DATA RECORDS:
┌──

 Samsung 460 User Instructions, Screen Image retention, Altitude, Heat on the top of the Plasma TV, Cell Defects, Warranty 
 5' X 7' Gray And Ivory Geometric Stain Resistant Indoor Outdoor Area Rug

└──
┌──

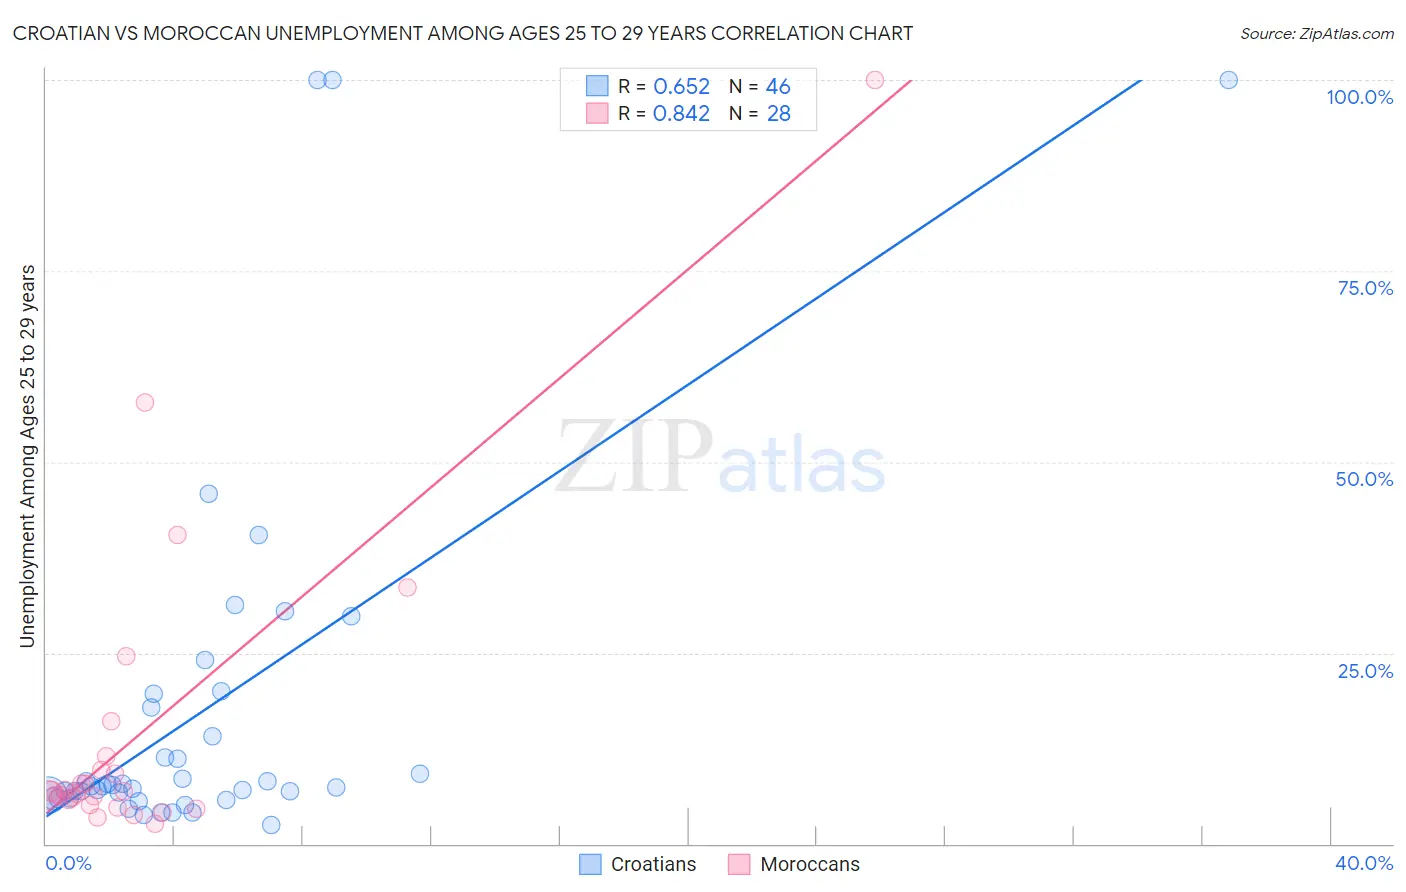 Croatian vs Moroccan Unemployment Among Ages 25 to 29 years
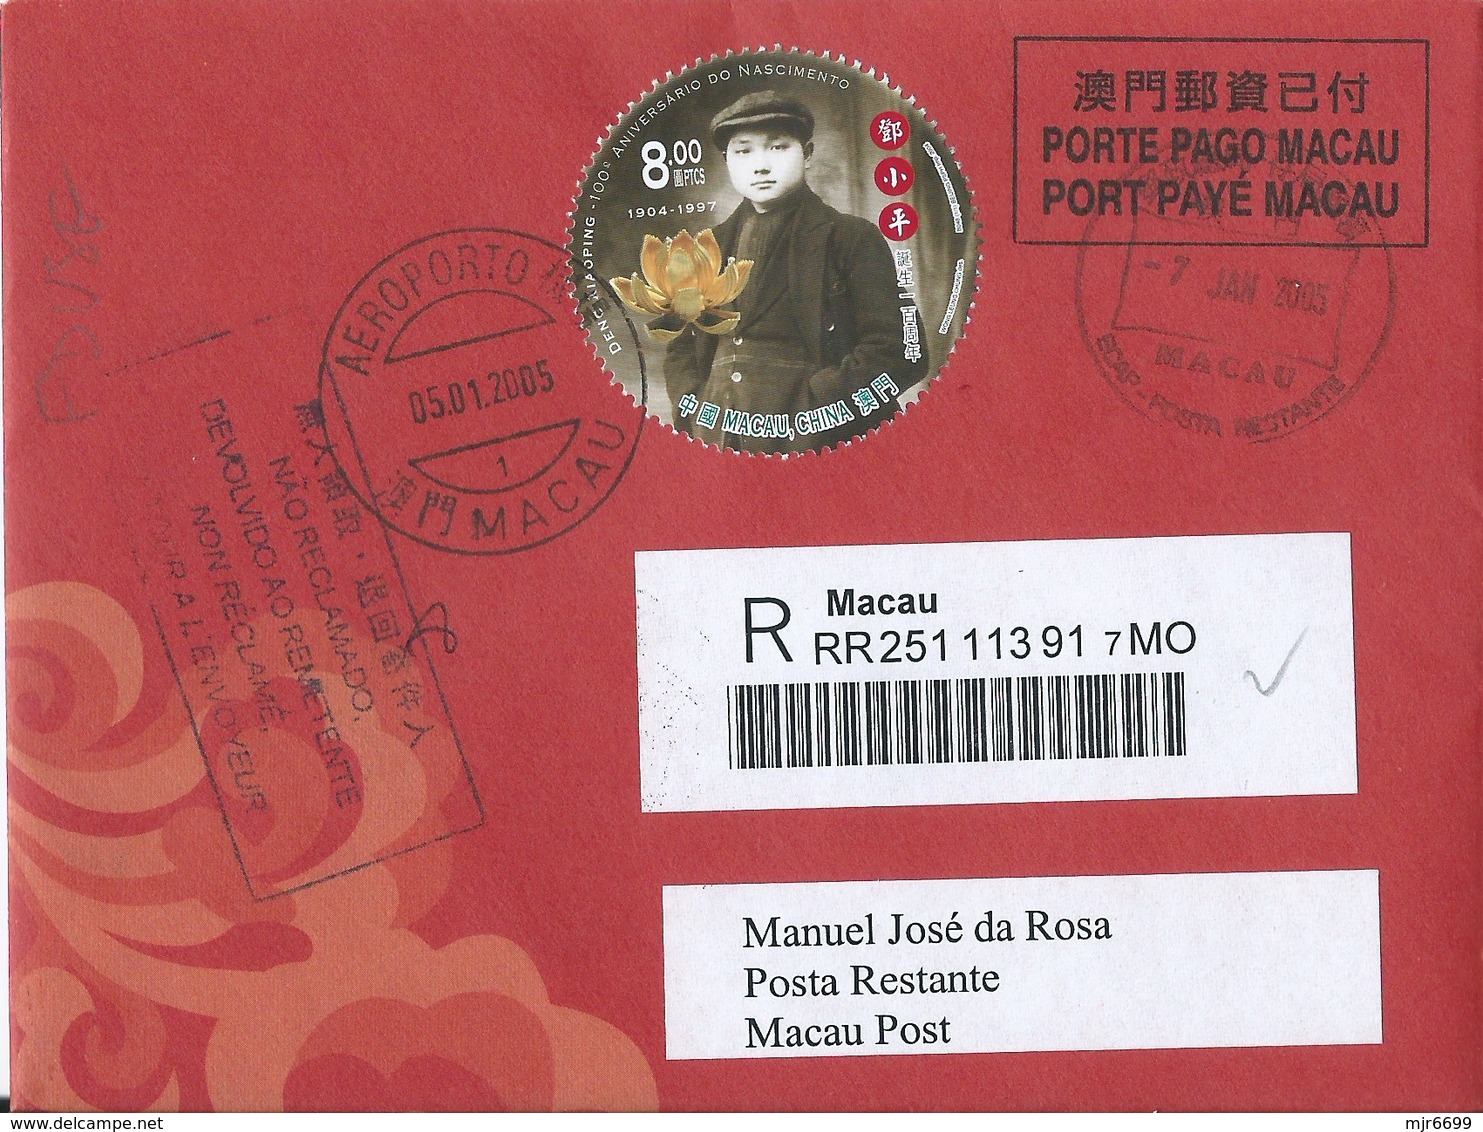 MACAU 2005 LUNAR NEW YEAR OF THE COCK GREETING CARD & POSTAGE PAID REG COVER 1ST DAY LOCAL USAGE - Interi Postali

└──

From the listing above, return the lines starting at the one with "Samsung 460 User" and ending at the one with "5' X 7' Gray", both kept, exactly as they appear and nothing more.

 Samsung 460 User Instructions, Screen Image retention, Altitude, Heat on the top of the Plasma TV, Cell Defects, Warranty 
 5' X 7' Gray And Ivory Geometric Stain Resistant Indoor Outdoor Area Rug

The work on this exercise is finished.